So the hypocrisy of condemning Trump over his imprisonment of migrant children when Hillary just two years ago called for sending refugee kids back where they came from to send a stern message to their irresponsible parents is easily ignored. Instead, she concentrates on the "monstrosity" of Trump lying about deaths of Puerto Ricans in the aftermath of Hurricane Maria, rather than concentrating on how private equity vultures and members of her own party have long been agitating for the neoliberal austerity regimen which was immiserating residents of the Commonwealth long before Trump gleefully threw paper towels at them.
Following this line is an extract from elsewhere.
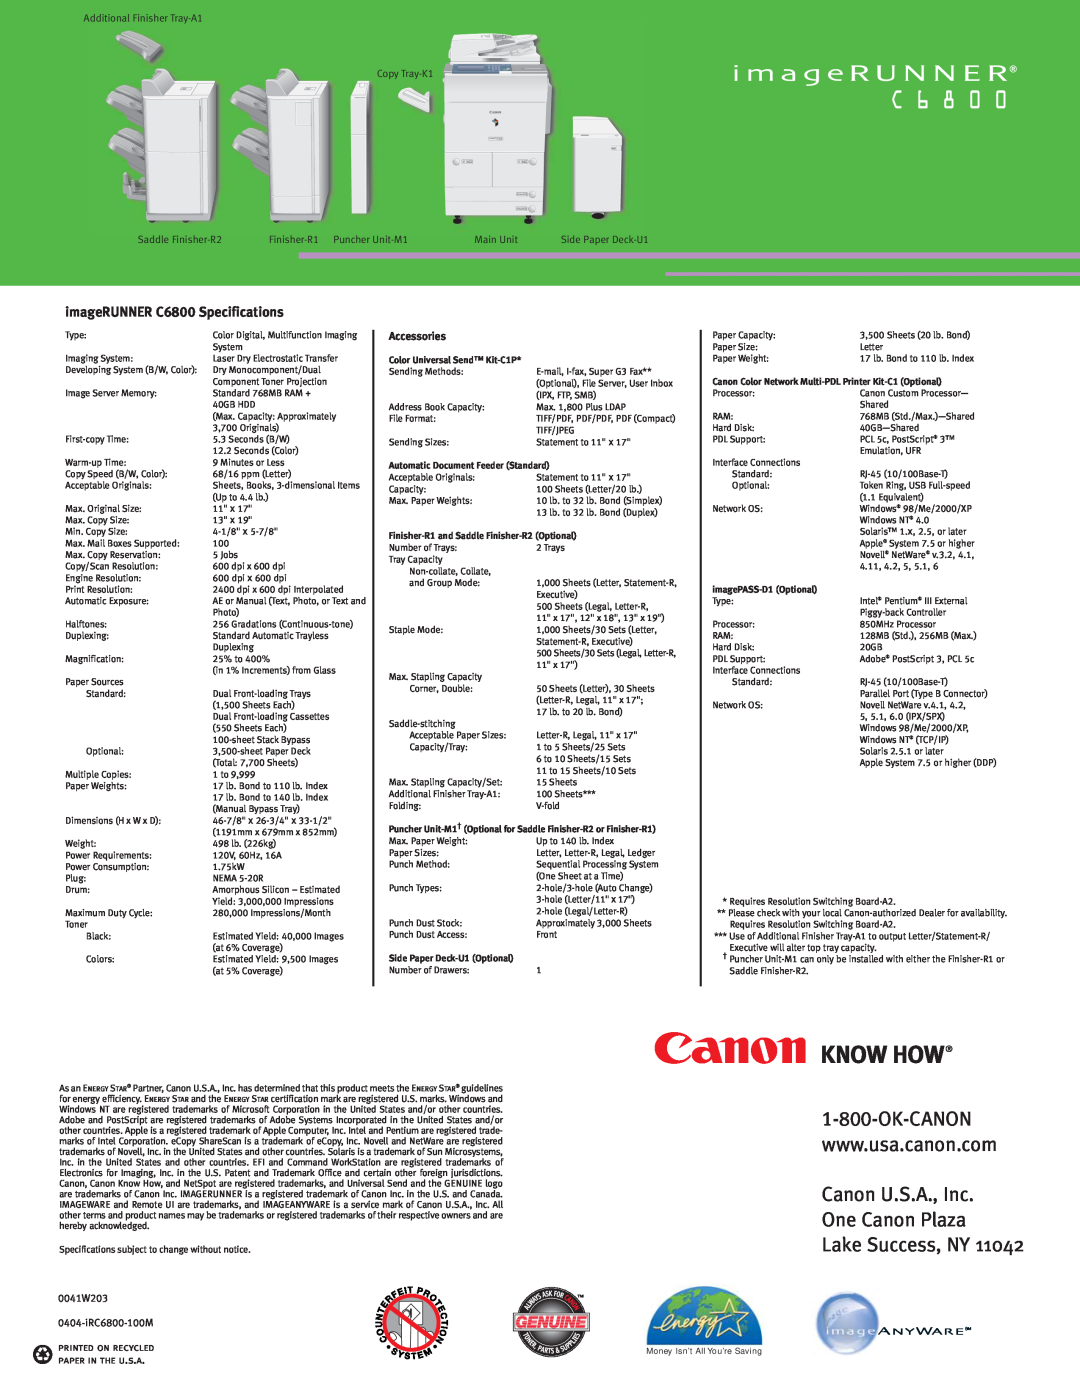 Canon manual imageRUNNER C6800 Specifications, Accessories, Additional Finisher Tray-A1 Copy Tray-K1, Saddle Finisher-R2

 If you're feeling nauseous right about now, but hate the chalky taste of Pepto Bismol, then give Clinton's commercial a read. It'll feel like sticking your finger down your throat to make yourself vomit. But if that prospect sounds too intense, I'll put on my Secret Decoder ring to transmit the gist of it:

Trump does so many despicable, deplorable things and tells so many loathsome lies she can't keep track of everything, although she did keep track of that one time he told 125 lies in 120 minutes. John Adams certainly never called Thomas Jefferson "Crooked Thomas" during that presidential race. And she can certainly relate, because Jefferson owned slaves and Hillary also oversaw prison slave labor during her time as Arkansas First Lady. You wouldn't ever catch her trying to upend the Status Quo! Not then, and not now and not ever.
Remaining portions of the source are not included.